Lying was their best friend growing up, and still is, so they use it to avoid uncomfortable situations.
- They use lies of omission all the time with friends, family, or at work
You know that they use social lies when they communicate with their friends or family and you are aware of how often they do this without batting an eyelid.
If it’s perfectly acceptable for them to omit the truth to their friends and family, or tell any kind of lie, why do you think they wouldn’t do that to you?
Also, if your partner’s job requires him to be accustomed to being evasive or deceptive, this means two things:
1) They are clearly able to do such a thing without worrying too much about its impact;
2) Sooner or later, this behavior will become their habit and they will transfer it to their personal relationships if they haven’t already.
The truth is that people who are capable of deceiving others usually do not choose who they are. They use deception as a tool when they think it’s necessary and that’s that.
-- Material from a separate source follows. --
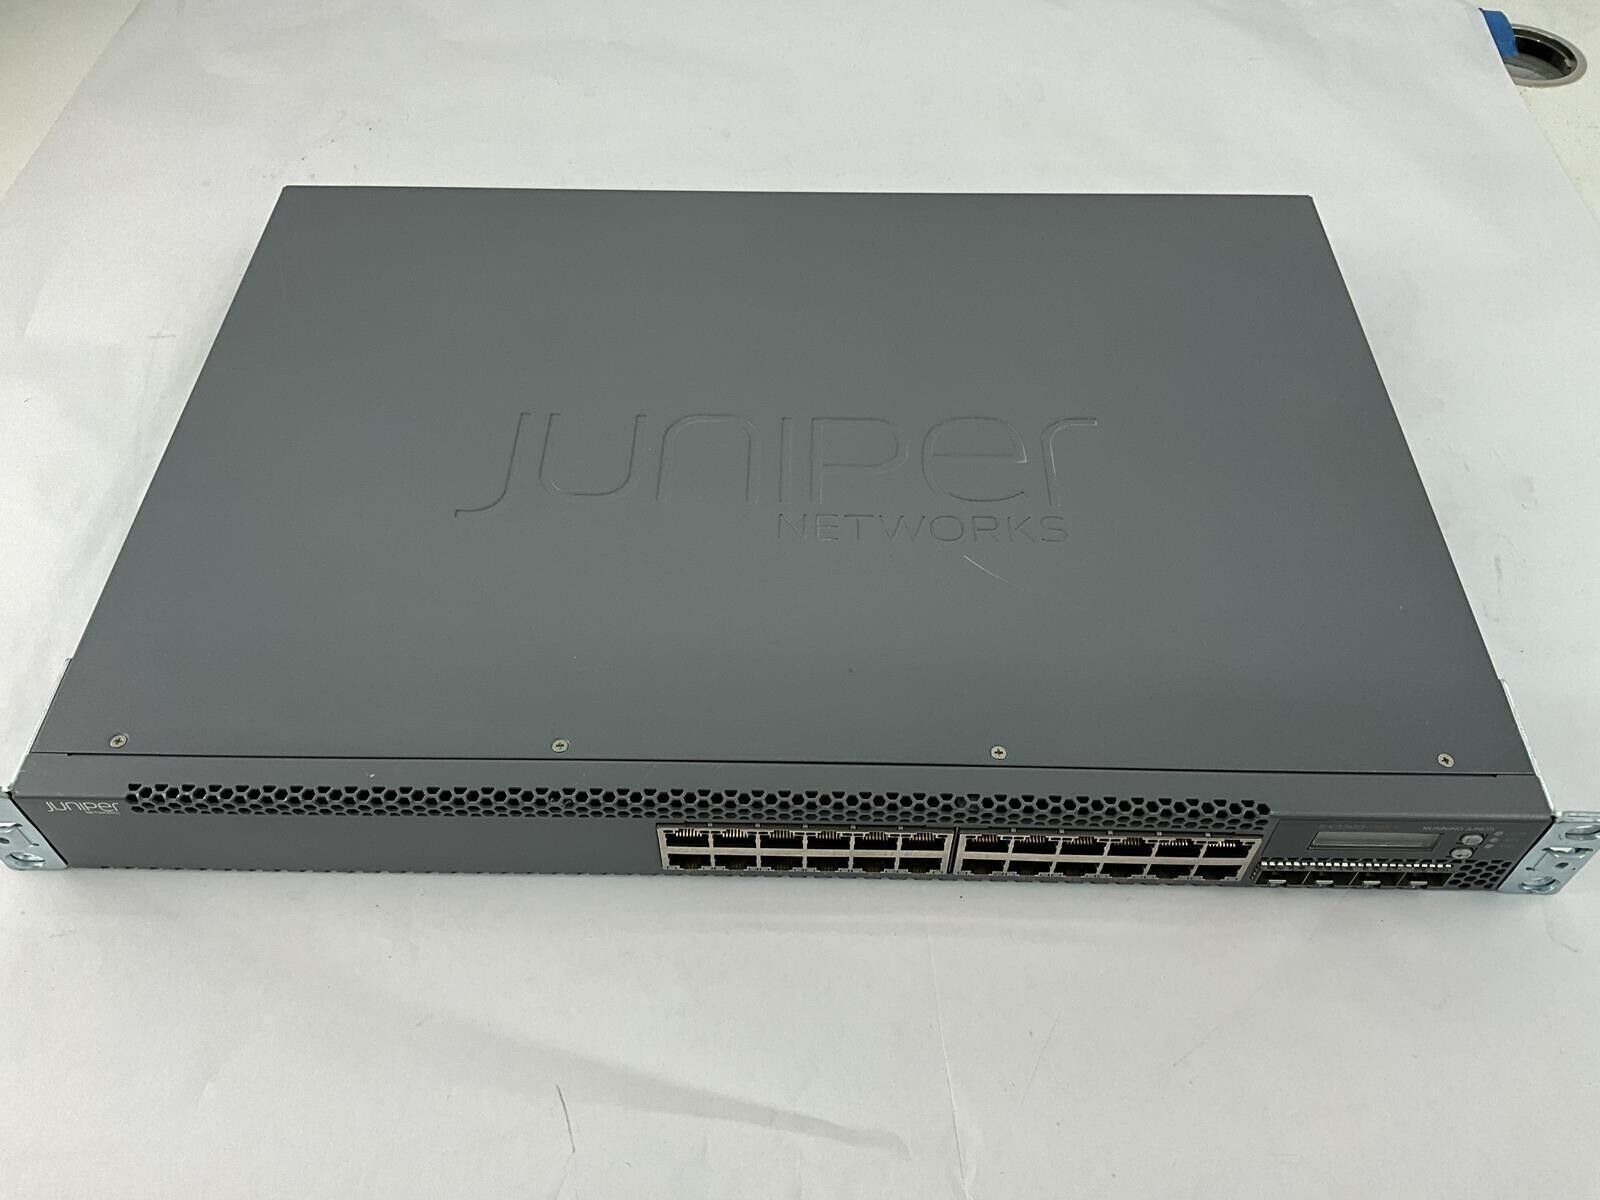 Juniper EX3300-24P Juniper 24 Port Gigabit PoE+ Switch 4 SFP 10G

- They generally find it difficult to accept responsibility for their actions
People who are not shy about deception and lies usually have trouble accepting responsibility in general.
No matter what happens, even when they are the only ones causing a problem, it is never their fault.
There is always a reason for their inappropriate behavior and they are great when it comes to making excuses.
When you ask, there will be many complicated circumstances that led them to do something that hurt you, but you should never blame them.
- They usually avoid confrontation
People who avoid confrontation are the ones most likely to lie by omission. It makes perfect sense.
They avoid telling the truth or the whole truth in order to avoid confrontation. It’s that easy.
Stressful situations that require arguing, proving points, and discussing things passionately are far outside their comfort zone.
When they think a conflict of any kind might be caused by something they did or said, they simply skip acknowledging what they did or said.
It is easier for them not to tell the truth than to involve themselves in the conflict.
- They do not keep their promises
What do you call making a promise and not keeping it? cheater? He lies?
Whatever you call it, it speaks about a person’s integrity and honesty and also about how important his word is to him.
If a person never commits to making his promises come true, he clearly does not care much about the truth of his words.
If ignoring his promises is a habit for your partner, it probably means he’s willing to cheat on you in other ways as well.
A lie, no matter how innocent it may seem, can cost a person everything. Telling even one lie overshadows all the truths the person has told.